Прощаясь с Диором уже за полночь, Купер напоследок вцепилась ему в лацканы:

— Надеюсь, завтра утром ты проснешься и изменишь свое решение, упрямый ты человек!

— Поверь, Купер, я не передумаю.

* * *

— Он совершенно не желает двигаться вперед, — жаловалась Купер Генри, когда они пешком возвращались домой. — Иногда я думаю, что Тиан никогда не выйдет из накатанной колеи. Возможно, он этого и не хочет. Он счастлив, несмотря на то что застрял на одном месте, и готов состариться у Люсьена Лелона в задних комнатах, его радует жизнь, дружеские вечеринки и обеды, и он не желает рисковать.

— Ты только что описала человека, довольного жизнью.

— Генри, но ты ведь не из тех людей, кто станет потворствовать чьей-то лени.

Генри был мужем Купер уже год и за это время дал ей больше счастья, чем она могла себе представить. Казалось, нет на свете мужчины добрее и внимательнее Генриха Беликовского и нет дома милее, чем тот, что они создали общими силами. В отличие от ее брака с Амори, начавшегося с безумной страсти, которая быстро перегорела и превратилась сначала в равнодушие, а потом и в крушение иллюзий, брак с Генри с каждым днем становился все лучше.

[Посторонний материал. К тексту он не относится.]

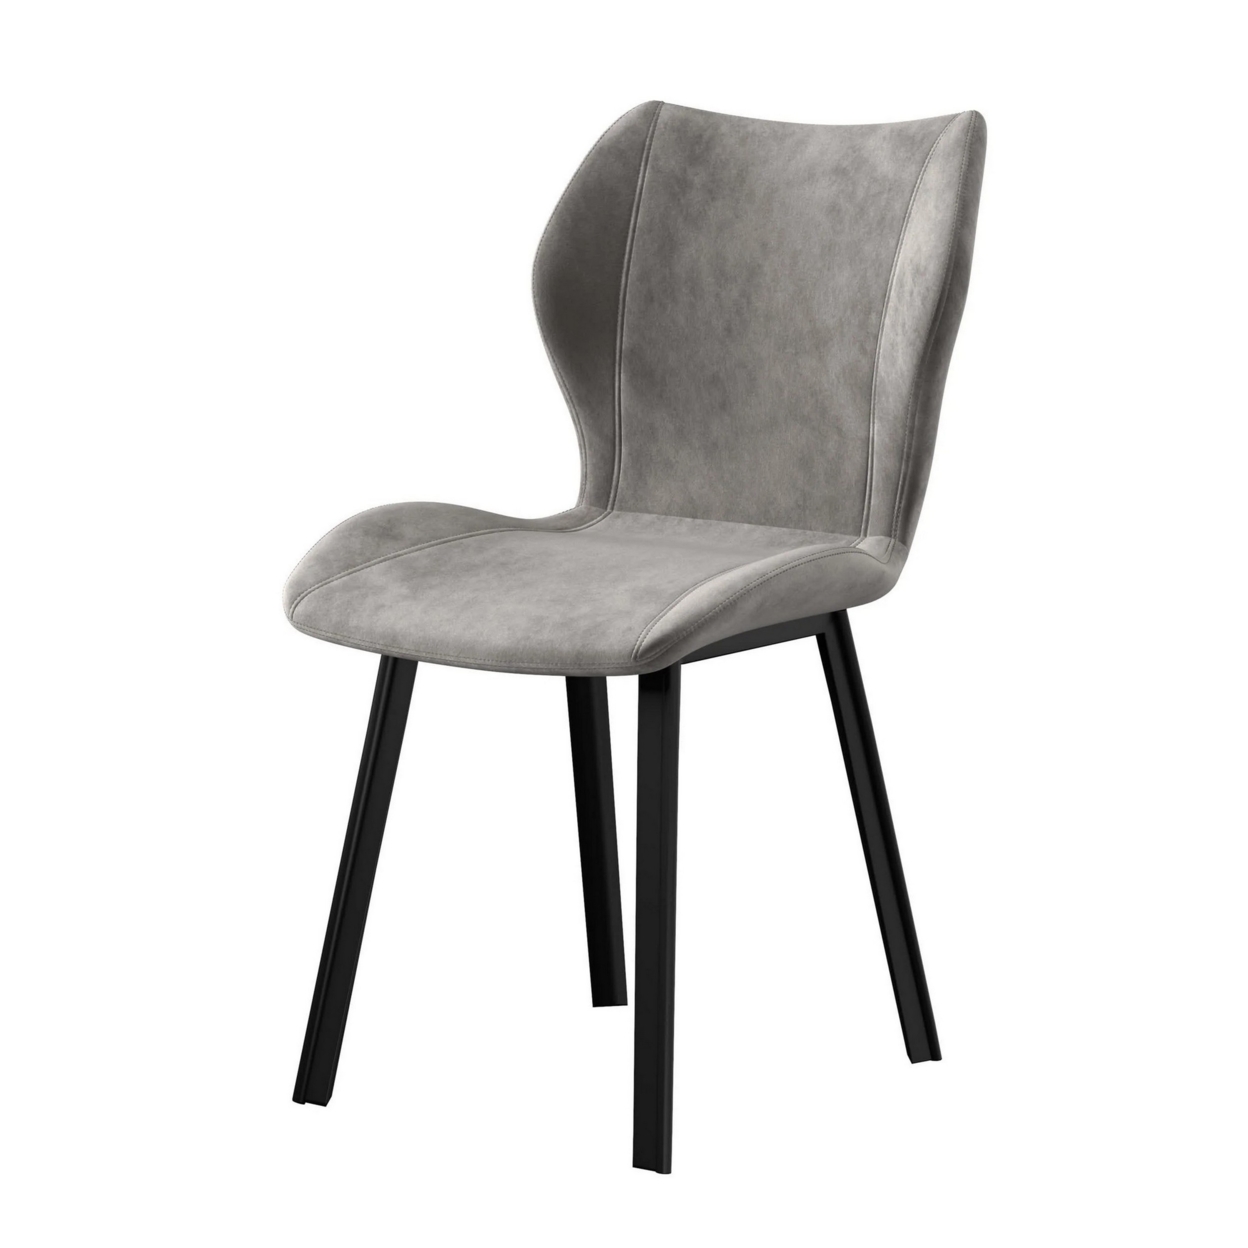 Tomas 19 Inch Wingback Dining Chair, Gray Fabric Upholstery, Black Legs- Saltoro Sherpi

Она обожала его компанию, торопилась к нему всякий раз, когда ей нужно было отлучиться по делам, и ловила себя на том, что ужасно тоскует по нему, когда он в отъезде. Страсть их горела ровным пламенем. Она чувствовала себя любимой и желанной и отвечала ему тем же: любовью и желанием. То, что муж был от нее без ума, сказывалось на каждом его поступке. Она чувствовала свою ценность, постоянно ощущала его поддержку, нежную заботу и обожание — что может быть сексуальнее?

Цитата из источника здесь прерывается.